Eat and run

Chinese food culture

There is a current series on Amsterdam on Slate where Seth Stevenson suggests that the Dutch are almost never seen walking and eating. Americans, of course do it all the time, and of course we also drive and eat. This got me to thinking about Chinese food culture and wondering if I had been behaving badly. In China and especially in Taiwan there is of course a lot of street food, and I of course have eaten a lot of it. One of the things I don’t remember seeing very often is someone eating and walking. People buying 生煎包子 and taking them home in plastic bags I remember. I can recall at least a few people getting 包子 for breakfast and parking themselves on the street right near the place and eating, but that was rare. (I did it all the time, so I am pretty sure on this one.) Lots of places seemed to have little tables for quick eating, whereas for Americans they might not be needed. Eating breakfast at your desk at work seemed more common, or at least more obvious.

None of this is all that surprising, of course. Watson’s Golden Arches East had some stuff on how the all-powerful arches had failed to change the cultures of eating food in East Asia. I am not surprised to see that American food culture is not universal. What I would like to know is.

1. Is my impression that Chinese don’t eat on the move correct? I was not really paying attention. I’m not really talking about things like lunchboxes, but the American style of eating a hotdog while walking down the street. (Is ice cream an exception? I eat a lot of ice cream while walking, but don’t remember others doing it.)
2. If it is less common, where does it happen? Is this culture changing, and if so how?

3 Comments

  1. One of my joys in life has been the time I have spent in Chinese nightmarkets eating lots of good stuff. Unfortunately, during my stay at Sichuan University in 2002, I noticed quite a bit of antagonism towards venders, coming from university administrators and local officials. I remember searching around for delicious Sichuanese shaokao (barbecue), and discovering that the university had chased those masters of barbecue away. Don’t worry; they always returned.

    As for eating on the go, my first landlord in Taipei once told me that “Chinese” people don’t eat while they are walking.

    I am curious about the Dutch custom, because I spent about 8 months at Leiden University, and it seems to me that I saw people eating on the street, especially on market days. The most common sight was people lowering whole, raw herring (haring) into their mouths.

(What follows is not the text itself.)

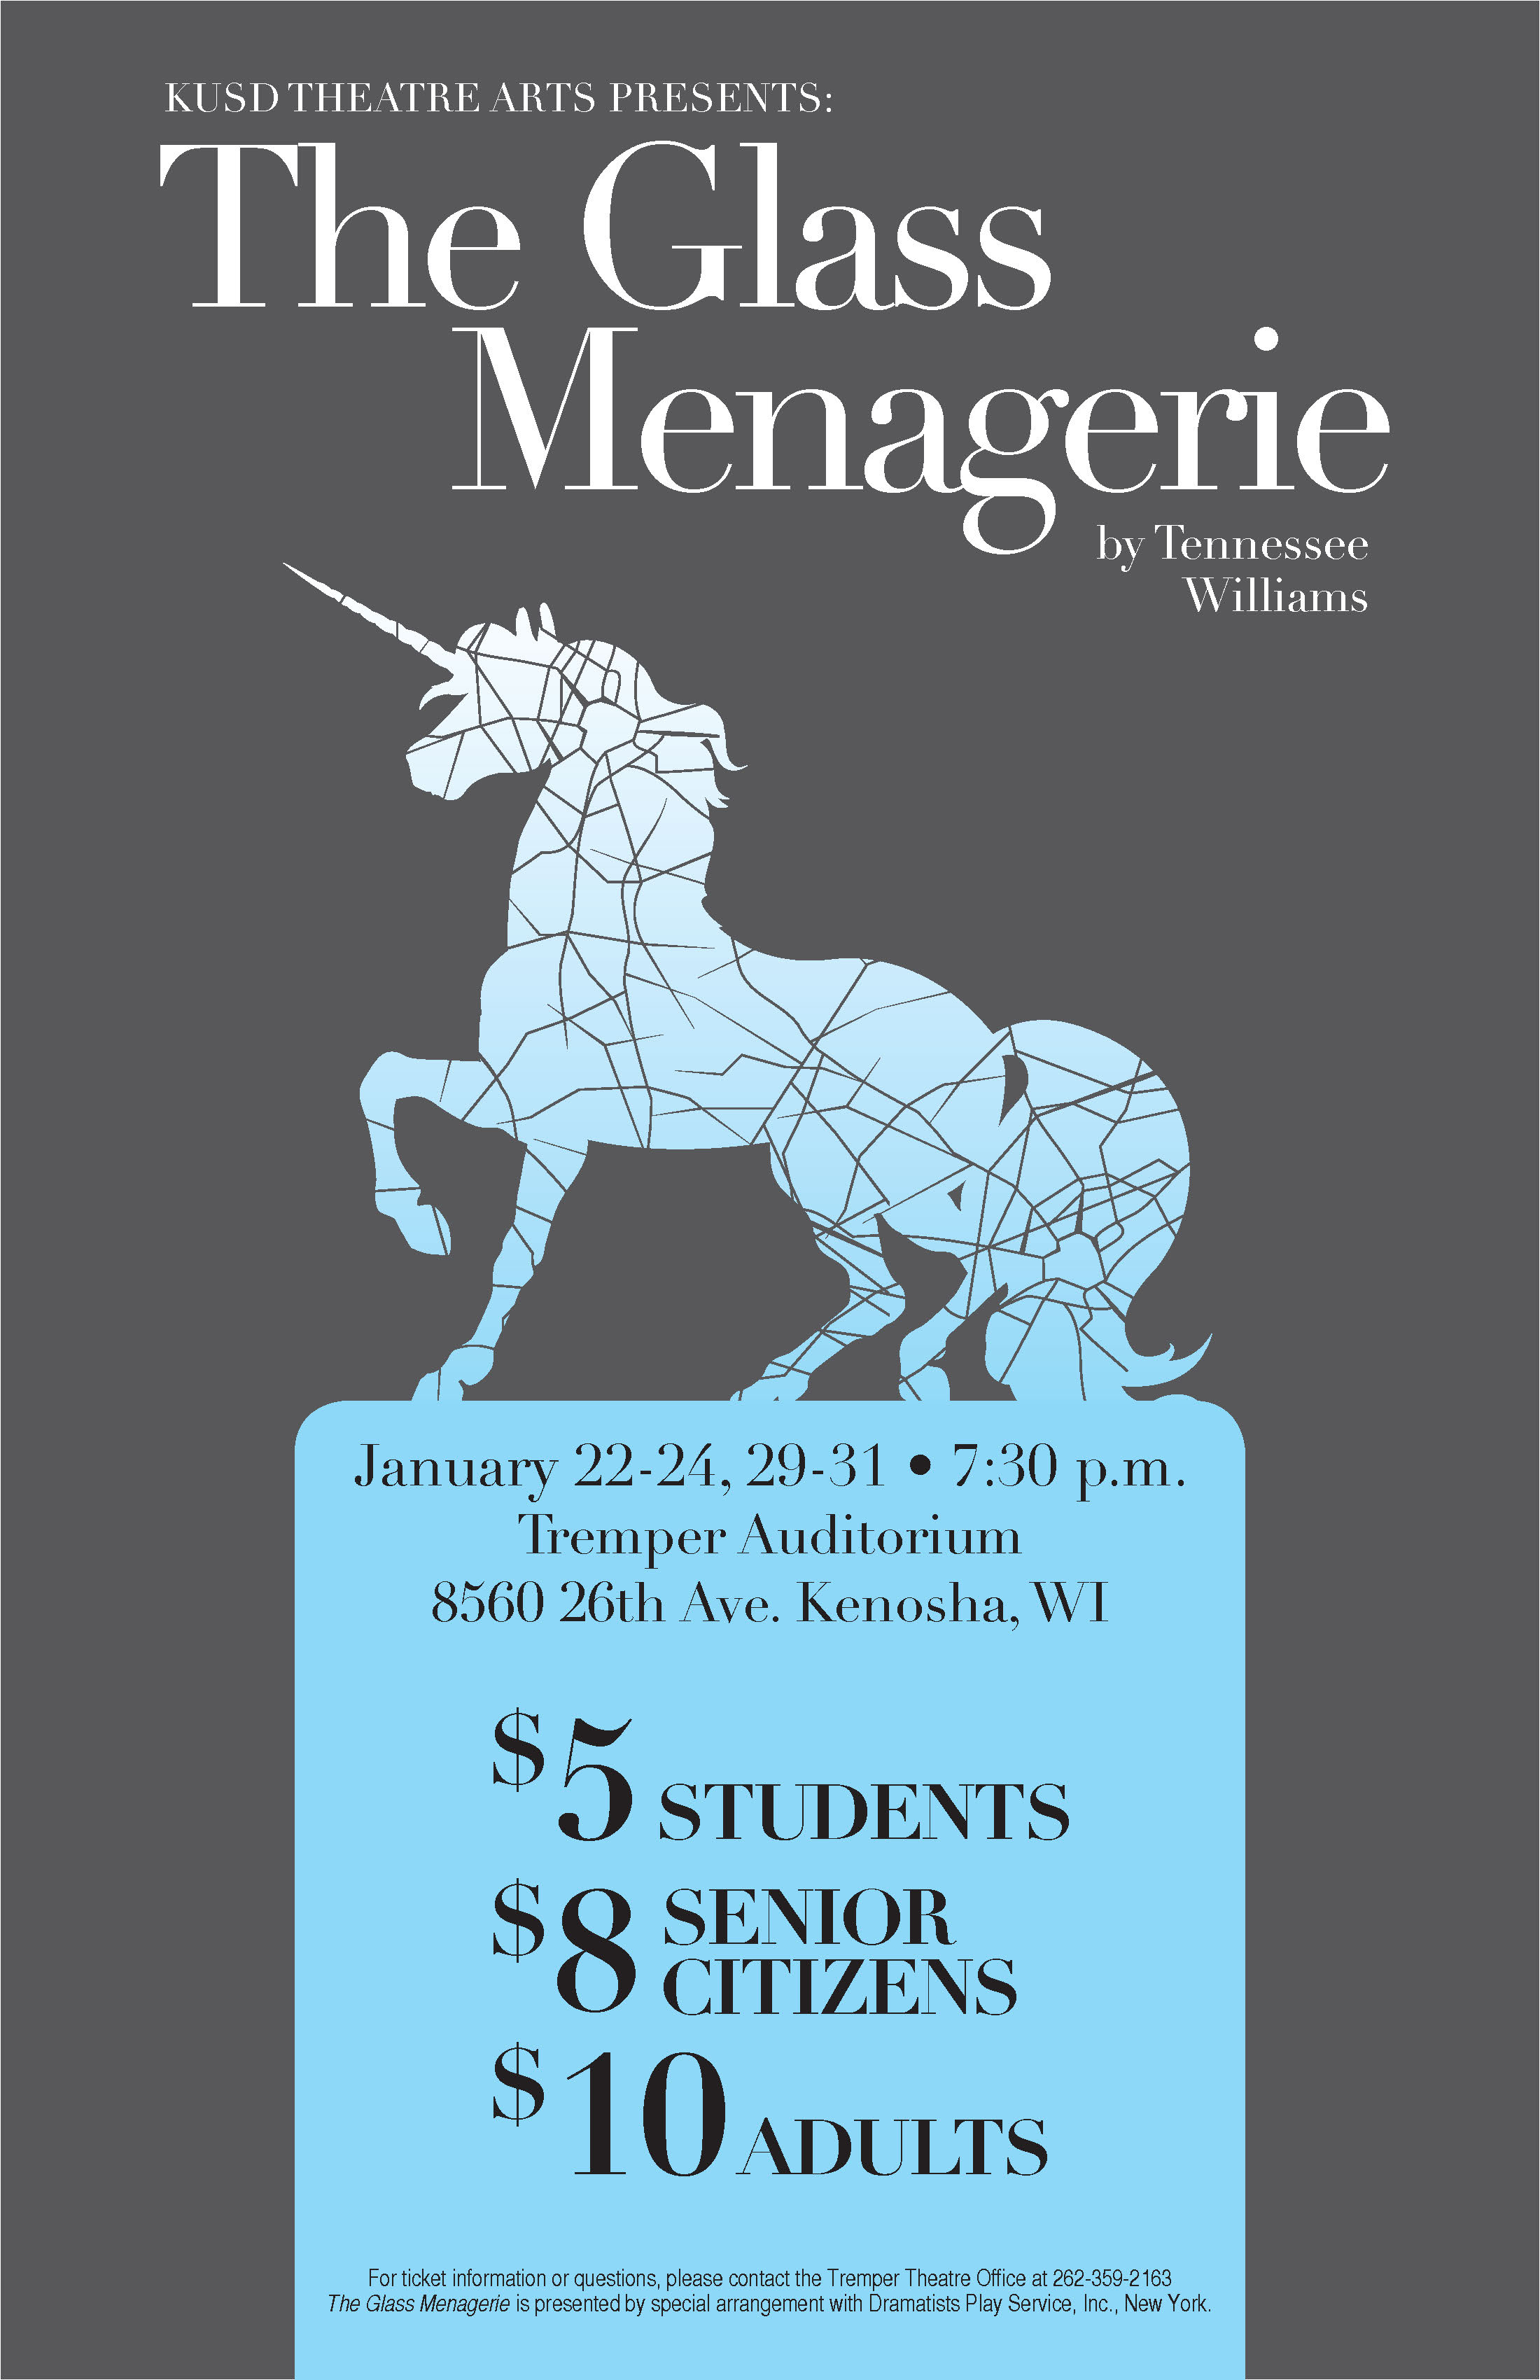 The poster for The Glass Menagerie

  2. Yes, I remember mattjies, which I think is the word for the raw herring, in Holland as well. Yum. But those you ate right by the stand, there was no real way to eat them while walking. What I was thinking of was the culture of eating and walking, like with a hotdog or a hot pretzel. It seems to be a very different attitude towards the right way to eat food. I can think of a few times when Americans (meaning me)would regard eating at walking as all but a requirement, like a pretzel when doing the New York tourist thing, an apple while walking in the woods, or ice cream whenever you can get it.

    It’s probably not a surprise to say that Chinese take food more seriously than Americans, but this extends to how and where you eat as well. More clearly defined eating times and places (less raiding the fridge?) would seem to be part of it. Part of the difference is that the whole walking thing does not fit well with the American car culture. Taiwan, at least, seems to be getting the car but keeping the walking culture.

  3. True about herring, though I think I’ve seen people walking and eating fritjes (fries), but I agree with your general points about eating and walking. I guess in Holland, biking is the main form of transportation, which is not really suitable for eating on the run.